In virtually all bacteria, LacI/GalR family members regulate transcription for a wide range of processes. First catalogued in 1992 by Weickert and Adhya , sequences of >1000 characterized and hypothetical homologues are now known (2008 BLAST search of Swiss-Prot). These proteins have not been found in archaebacteria or eukaryotes, although proteins with homologous domains are ubiquitous.

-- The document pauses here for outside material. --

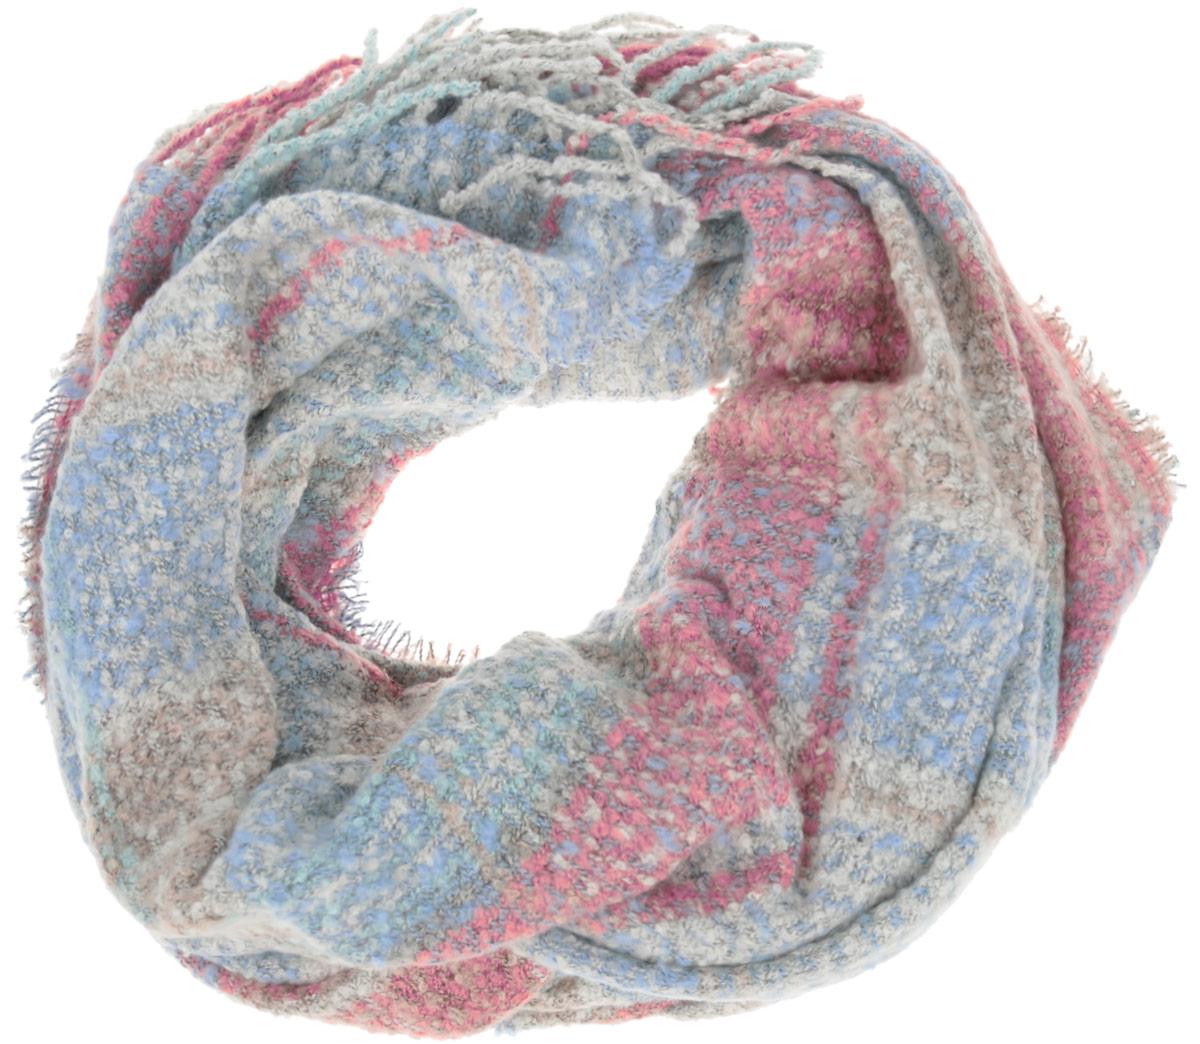 Шарф женский. SCw-142/465-6404SCw-142/465-6404Восхитительный женский вязаный шарф Sela - отличная модель для зимней погоды. Выполненный из 100% полиэстра, он прекрасно сохраняет тепло и защищает от холода. Шарф связан оригинальным узором и оформлен декоративными кисточками. Такой аксессуар достойно дополнит ваш гардероб.
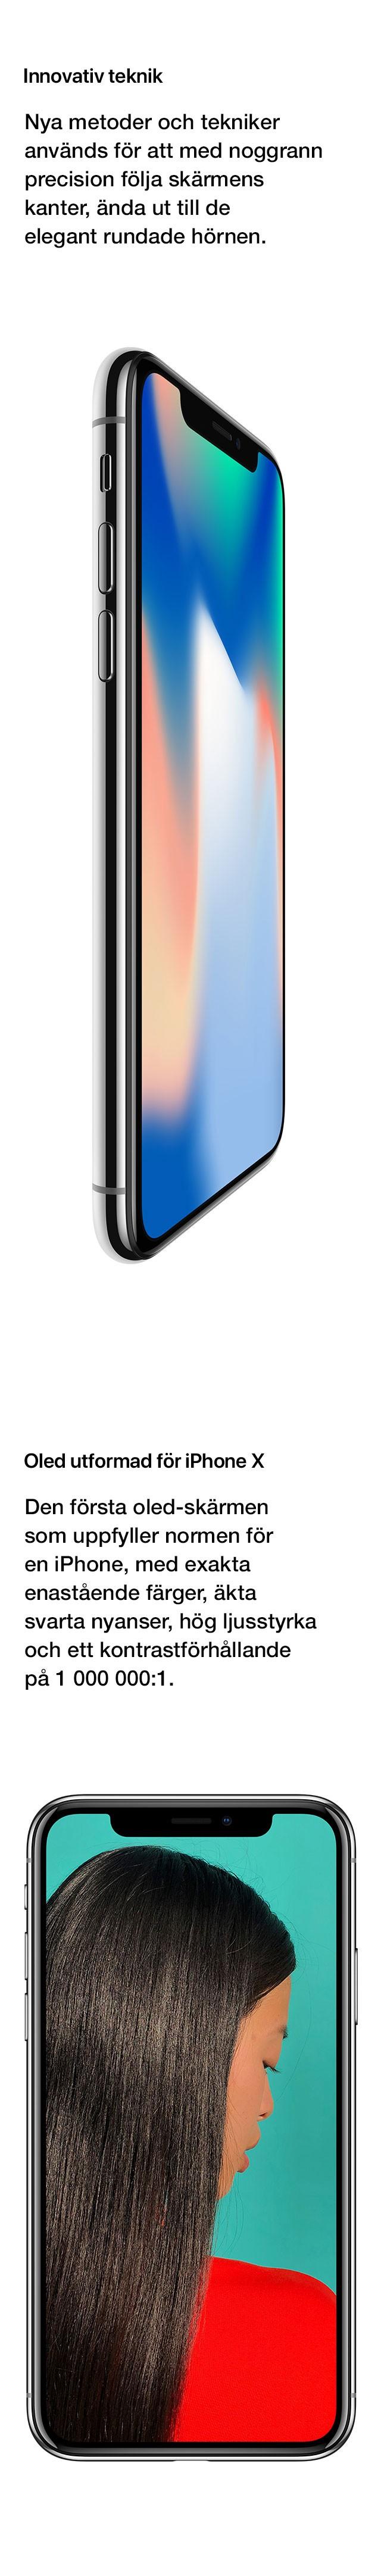 iPhone OLED-skärm

The LacI/GalR family can be divided into >33 paralogue groups that appear to derive from an ancestral gene. As many as 22 paralogues co-exist in a single species. Many members coordinate available nutrients with expression of catabolic genes , but some regulate processes as diverse as nucleotide biosynthesis and toxin expression (e.g. [2,3]). Two members are “master” regulators: homologues CcpA and CRA control expression of enzymes that determine carbon flow in Gram-negative and Gram-positive bacteria, respectively. If these key proteins are disabled, virulence is altered in several pathogens (e.g. [4,5•, 6•,7]).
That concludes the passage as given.